As it was, he contented himself with smashing at the heads of iron posts with his chopper, so that his progress was marked by menacing clangs and little glares of sparks that were drowned as soon as they were born, in the black, teeming rain.
At last – by that strange Providence that guides madmen and drunkards to their destinies, he found himself in the maze of filthy little alleys where the bitch he was going to kill, lived.
Here, by reason of their narrowness and frequently obstructing bends, the streets were turned into dirty running rivers, along which tattered fleets of rubbish sailed, only to be wrecked against projecting steps and among the bars of basement windows, where they formed sodden islands, later to be settled by emigrant mice, rats and bedraggled cats.
The sergeant hesitated, not out of any apprehension, or even remorse. He was momentarily at a loss. Which, among all the shadowy, tumbledown hovels, was her house? Then the lightning blazed – and he saw the signs.

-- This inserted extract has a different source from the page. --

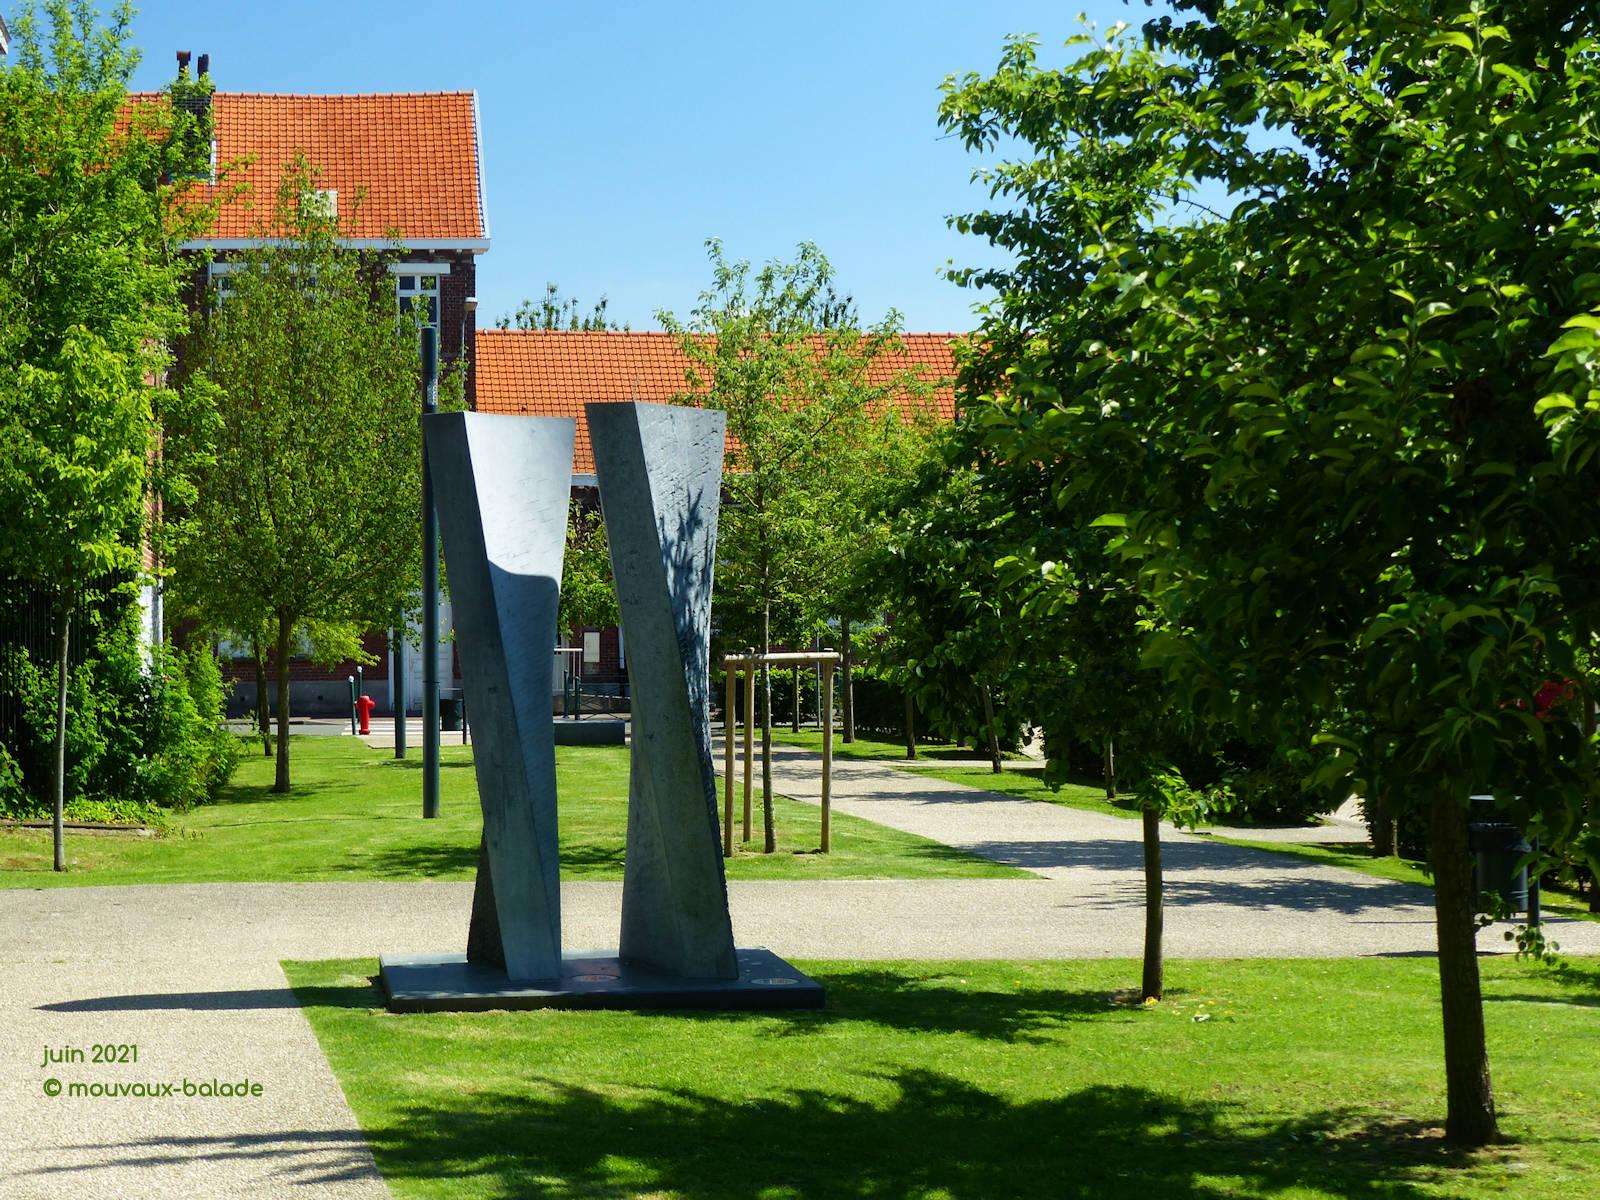 Sculpture Martin Hollebecq, Mouvaux
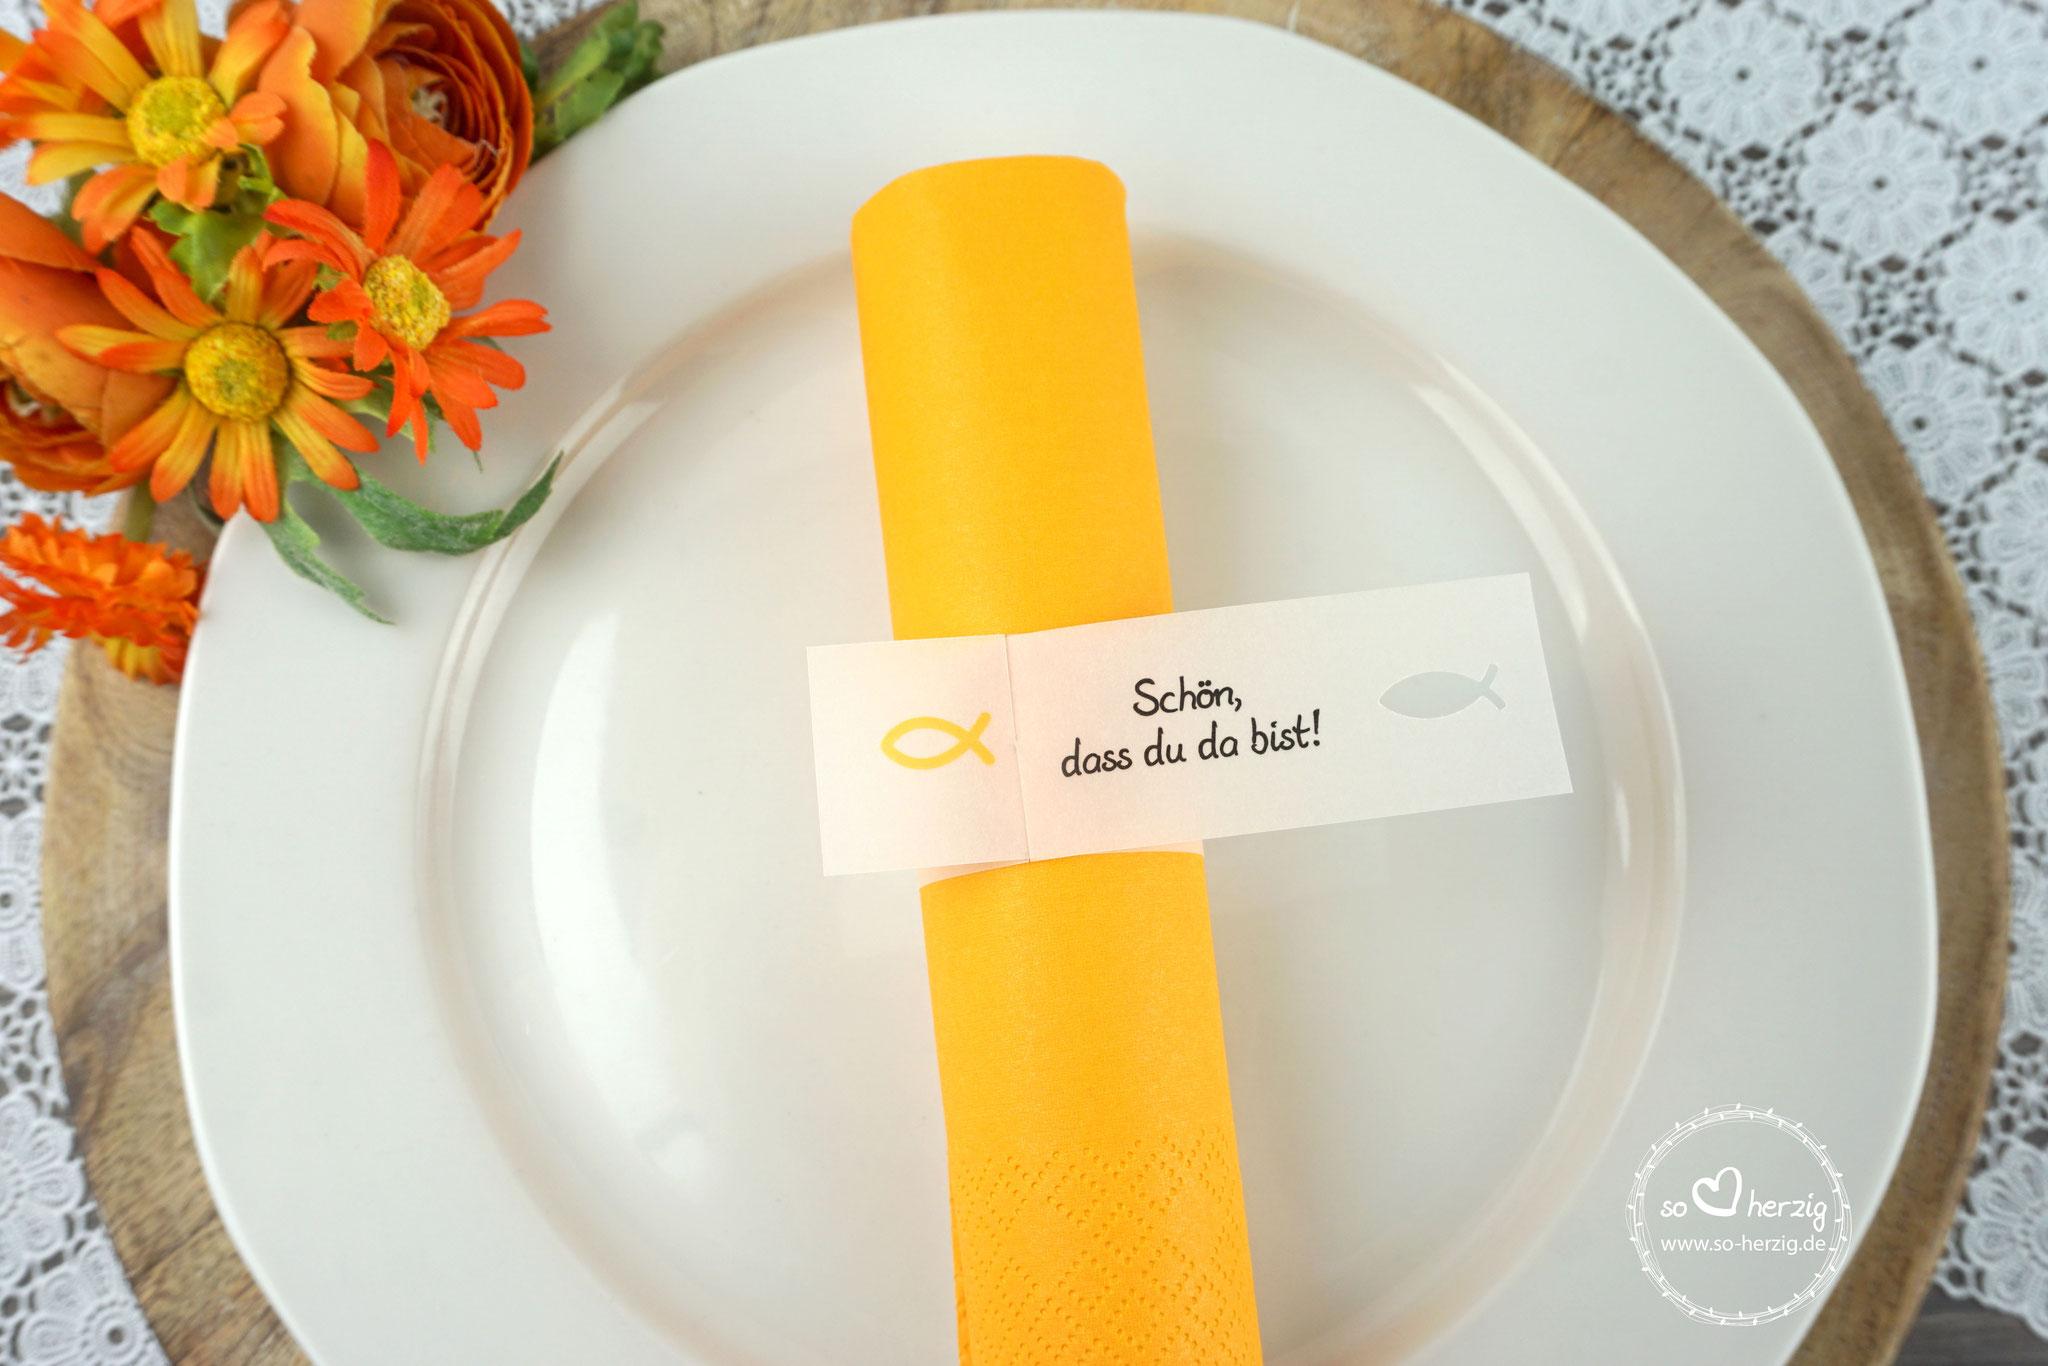 Serviettenring Design Fisch Silhouette, Farbe Gelb, Randabschluss Fisch

‘Murder – murder!’ shrieked the wind; ‘Murder – murder!’ bellowed the thunder; and down came the darkness as if to cover the deed with its huge black wings. It made a sound: a curious thin whistling, like an invisible winged worm . . .
What was that?
Hans Ruppert, lying in his bed under the bench in his father’s basement workroom, looked up towards the ceiling. It was covered all over with cracks and bulged like an enormous toothache. For a moment, he thought it was going to come down on him at last. He waited, prickling with alarm. No. The noise must have been outside.
He closed his eyes, eased his aching limbs and tried to return to his Joseph-dream of suddenly revealing himself to his unhappy family as a youth of wealth, eminence and immense secret power.
At the stroke of a pen, he would remit their shameful taxes and free them from all persecutions. He would bring light into their dark lives; and, with an infinitely compassionate smile, he would brush aside their gratitude and accept his sister’s weeping apologies for ever having doubted his word.
And more; he would stretch out his hand over all the community, forgiving his creditors and even admitting into his presence that interfering fat cow, Frau Marskin, who, whenever she called, looked straight at him with eight krone eyes.
He smiled; and then, as sometimes happens – even to the most secret of millionaires – he began to cry. He managed it very quietly, as he did not want to be heard by his brother Friedrich, who would immediately jump to the wrong conclusion and go on about his three krone again.
It was not fear of the storm, nor the pain of his bruises, nor any of the other misfortunes of his unlucky Monday that oppressed him. It was a sudden and overwhelming sense of hopelessness that seemed, as it were, to have drained his inward pool and left his dreams to gasp, flounder and die.
There was nothing – nothing – nothing! They would – all of them – live out their lives in this dark, cruel place, without money, without dignity, without hope. This was absolutely certain, no matter what the signs and omens said.